> To do:
Extract, in full, the lines below, beginning at the first and ending with the line that contains "Blake Griffin Los". Pictures do not belong in the copy.

> Raw data:
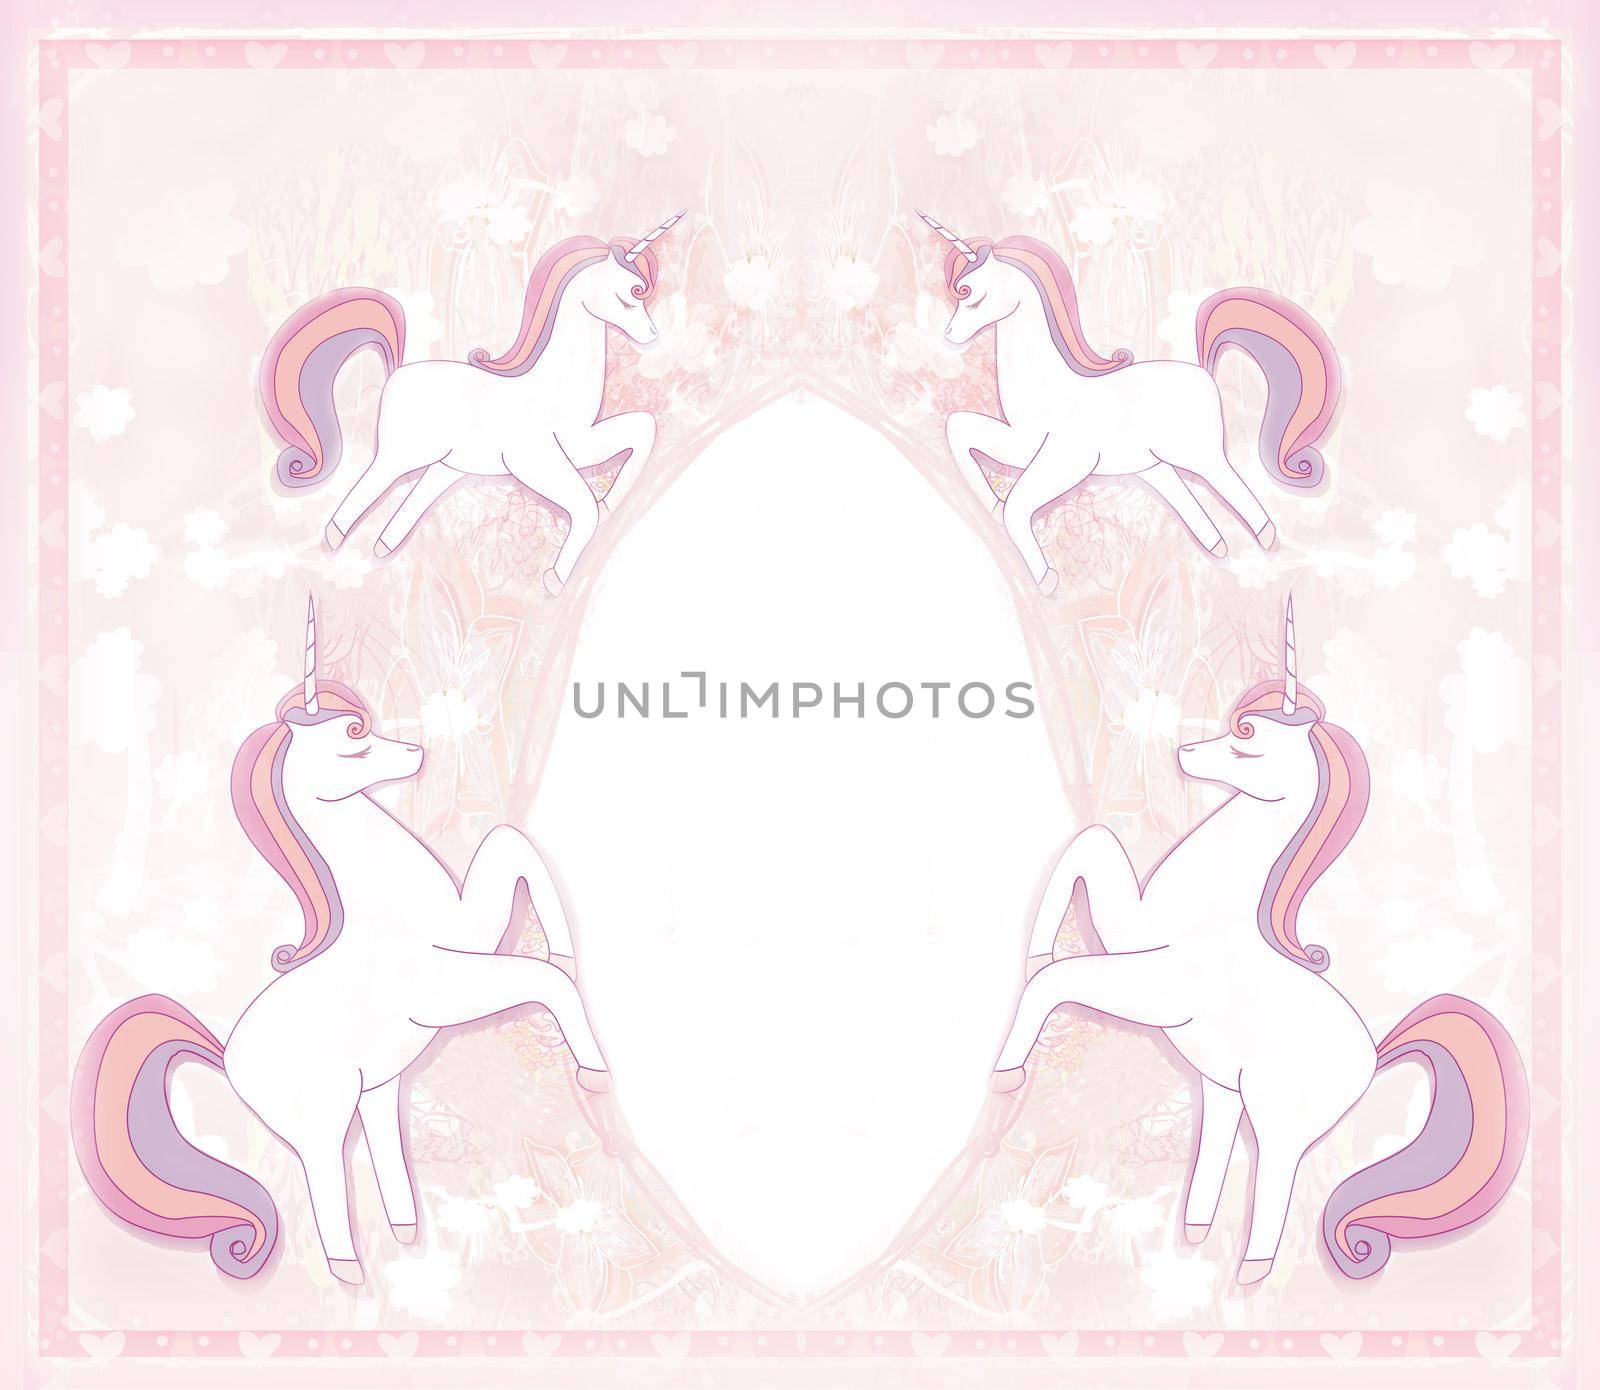 decorative frame with cute unicorns on a beautiful artistic pink floral background by JackyBrown
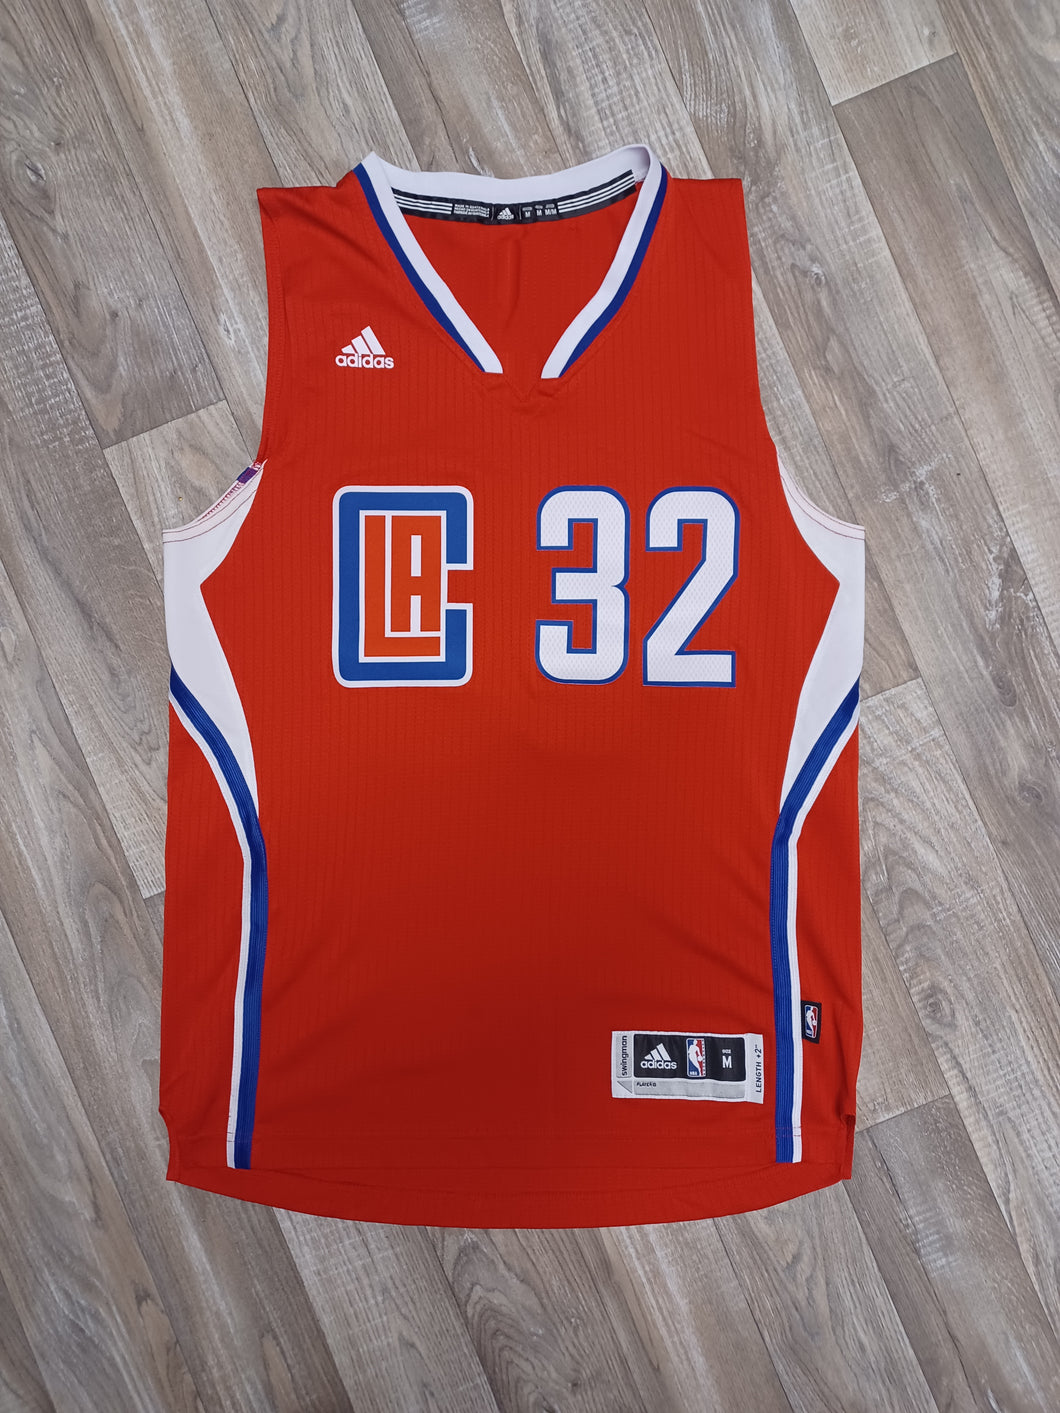 Blake Griffin Los Angeles Clippers Jersey Size Medium
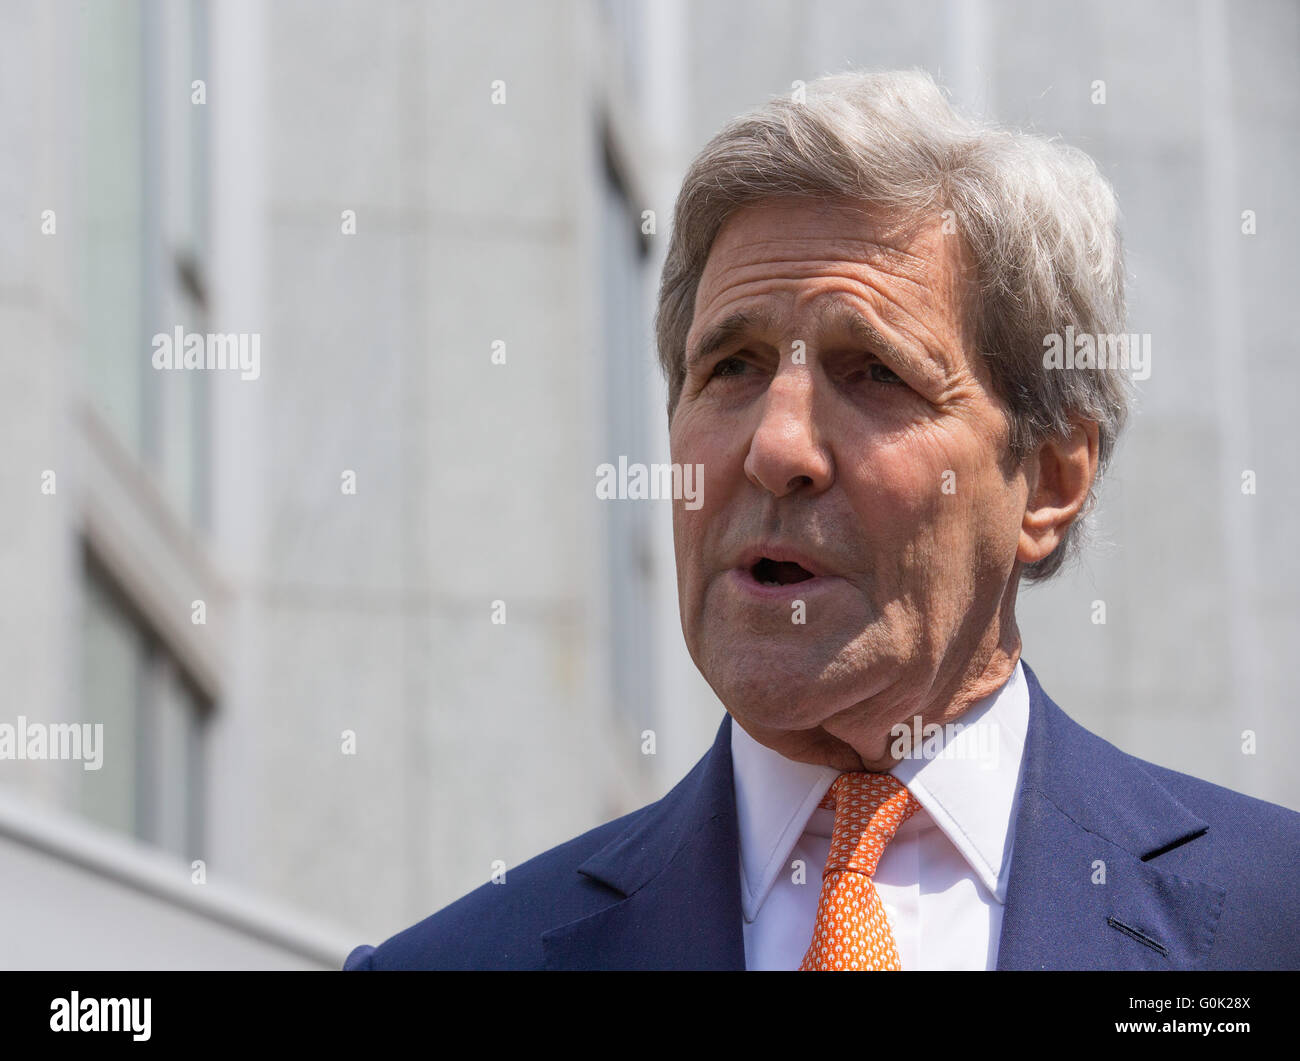 Geneva, Switzerland. 2nd May, 2016. U.S. Secretary of State John Kerry speaks to the media after a meeting with UN Special Envoy for Syria Staffan de Mistura (not pictured) in a hotel in Geneva, Switzerland, May 2, 2016. U.S. Secretary of State John Kerry on Monday urged all parties to the Syrian conflict to end violence and restore the cessation of hostilities during his second day trip here for talks focusing on the Syrian situation. Credit:  Xu Jinquan/Xinhua/Alamy Live News Stock Photo

> Response:
 decorative frame with cute unicorns on a beautiful artistic pink floral background by JackyBrown
 Blake Griffin Los Angeles Clippers Jersey Size Medium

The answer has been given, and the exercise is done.